In Pilates, we refer to this area as your powerhouse and the abdominals are a portion of this powerhouse. I think this is what some people refer to as the ‘stomach’. An efficient powerhouse environment relies heavily on the pelvic floor muscles. Engaging these muscles first is critical to accommodating a stable base for movement. Remember, stability is how you hold onto yourself and /or the ground. Since the pelvic floor muscles help to support the lower abdominal cavity thinking of pulling this interconnected web, kind of like a hammock, ‘in and up’ will work in concert with the muscles of the abdomen, trunk and low back.

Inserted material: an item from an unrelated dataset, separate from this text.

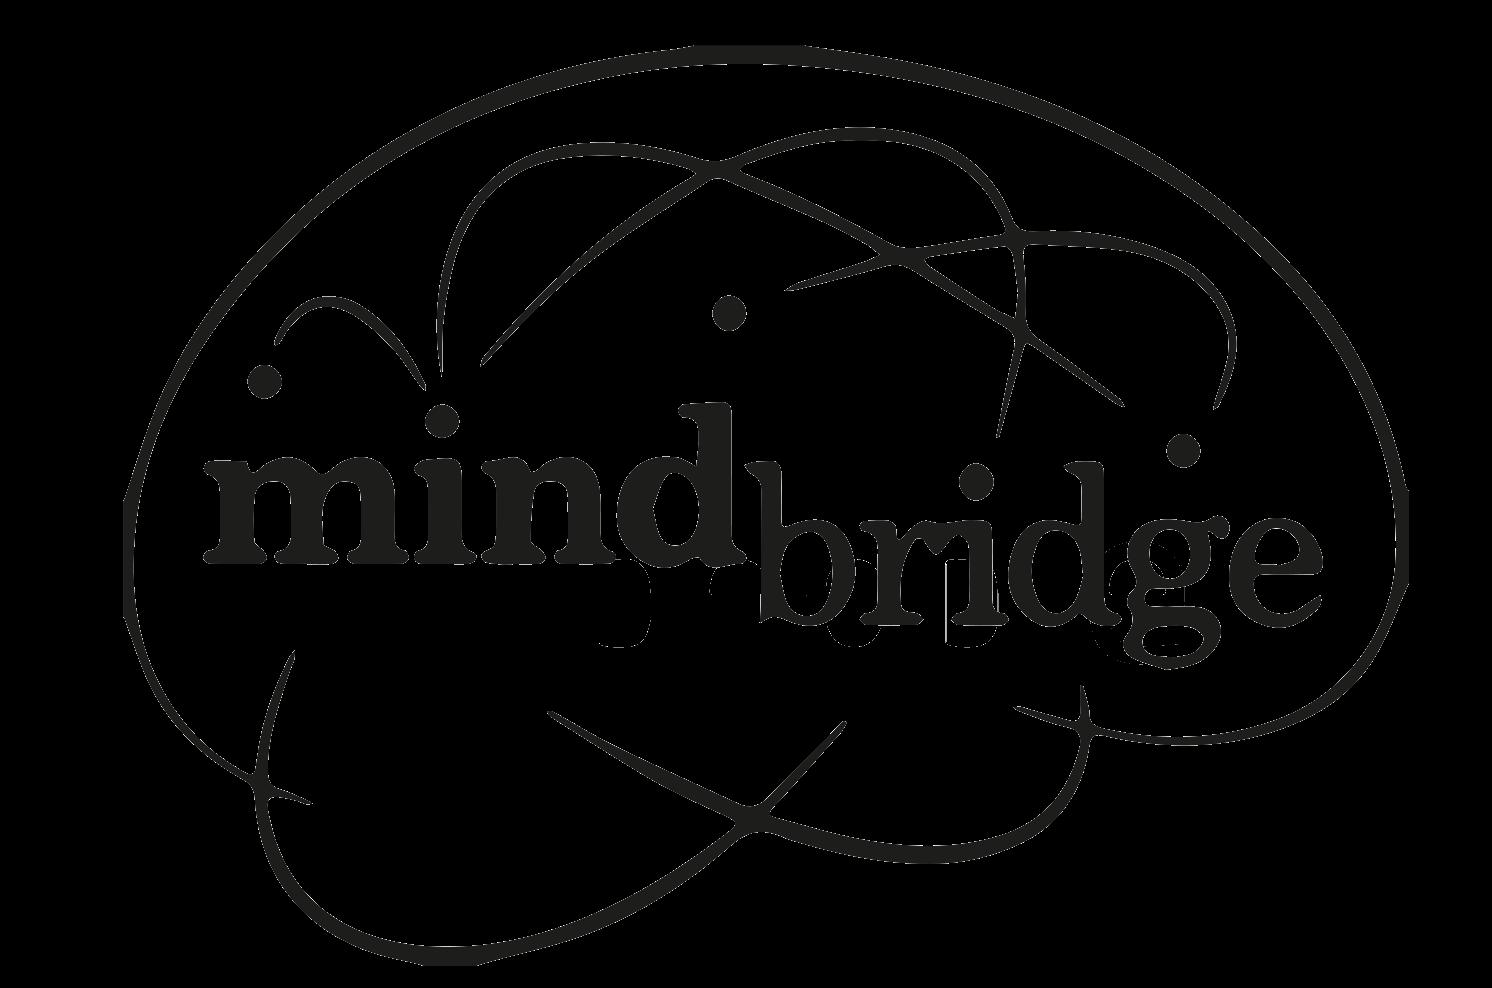 4.Mindbridge-Black.png
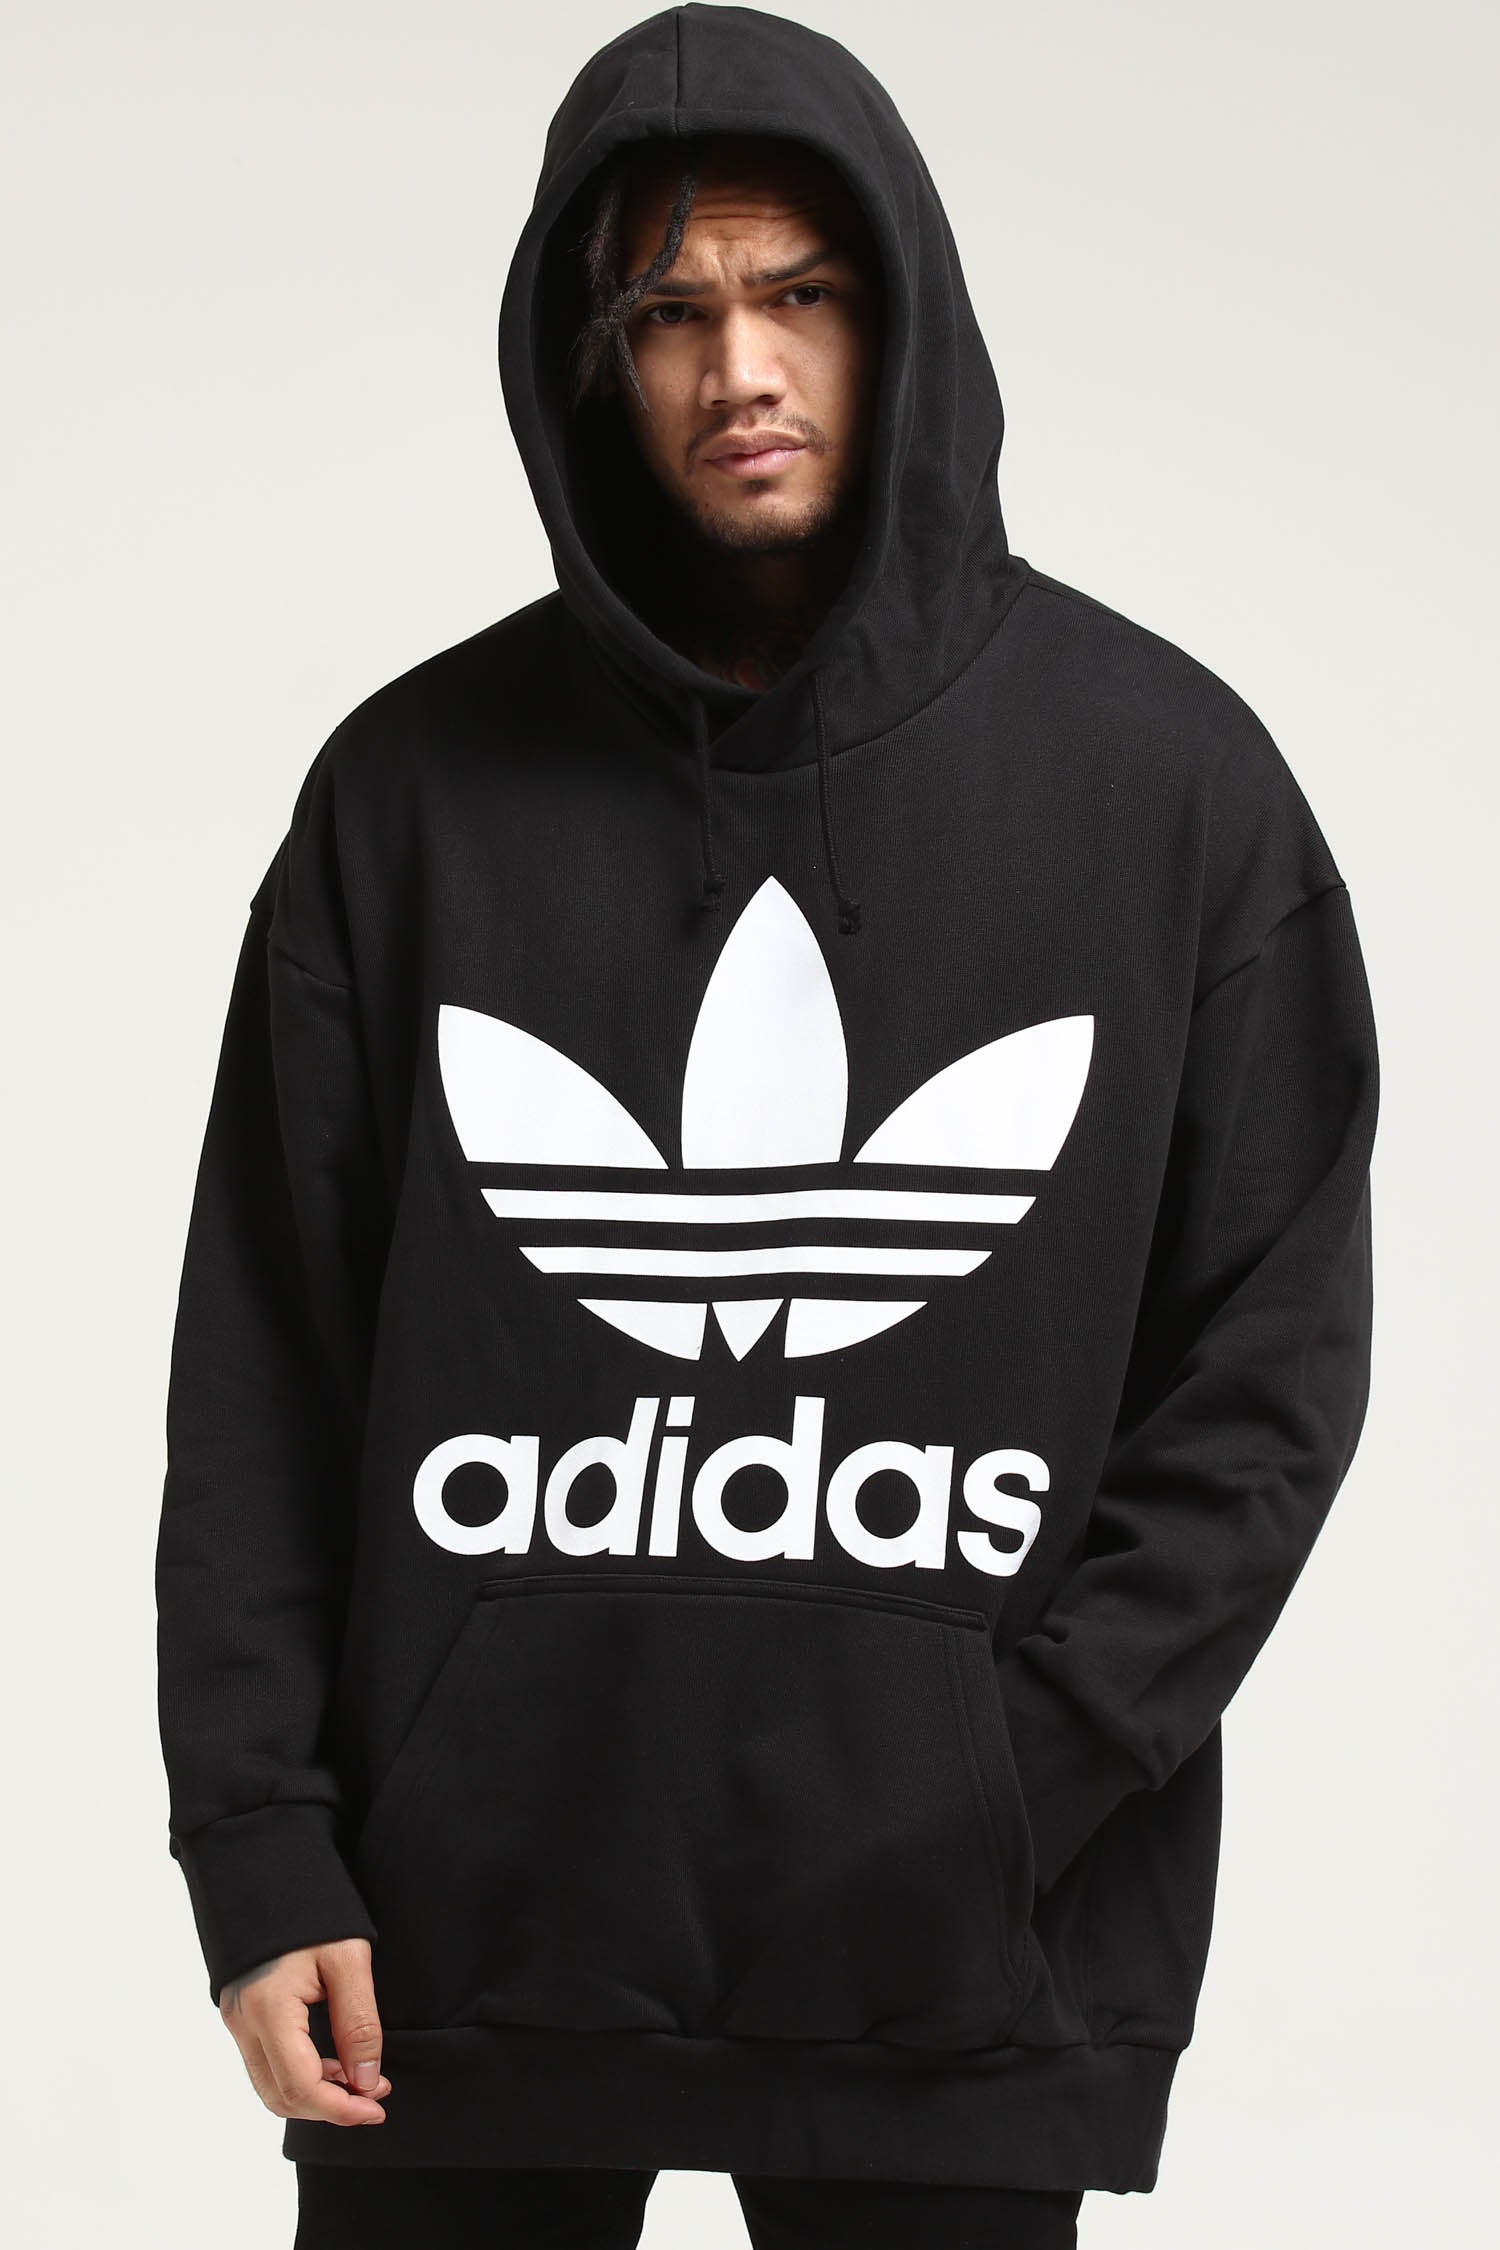 adidas Trefoil Oversize Sweatshirt

Below are 5 elements that you always want to incorporate into any lift and carry:
Address the object with a shoulder-wide stancer
Soften your knees; make them ‘bouncy’
Use a flat back when lifting the objectr
Lift the object with the power of your legs and buttock musclesr
Keep the object close to you
Here’s a secret that I always keep in mind when I lift and move anything. I imagine what it will feel like once I grab it; how I will hold it; and finally, how I’ll endure the strength to get it where I want. I see the whole picture in my mind. Perhaps this is because I do it automatically every time and over the years my awareness is tuned into this imaginary ‘measurement’ before I even lift anything. Try it.
If you decide that you cannot lift what you want, be smart about it. Get someone to take care of it. That is a good decision and will save you frustration and possible injury later. If you can lift, look at every event as a practice carry. Start paying mind to exactly what you are doing and you will notice that your power will change. Power is a physical might and it is also the capacity for being acted upon. Will, determination, confidence, optimism, intelligence, and clear thinking all factor into using your power and getting good at it.
We carry all sorts of things and, yes, even the grocery bags should be approached like this. Just because they are smaller and weigh less the same lift and carry elements will serve you no matter what’s on hand.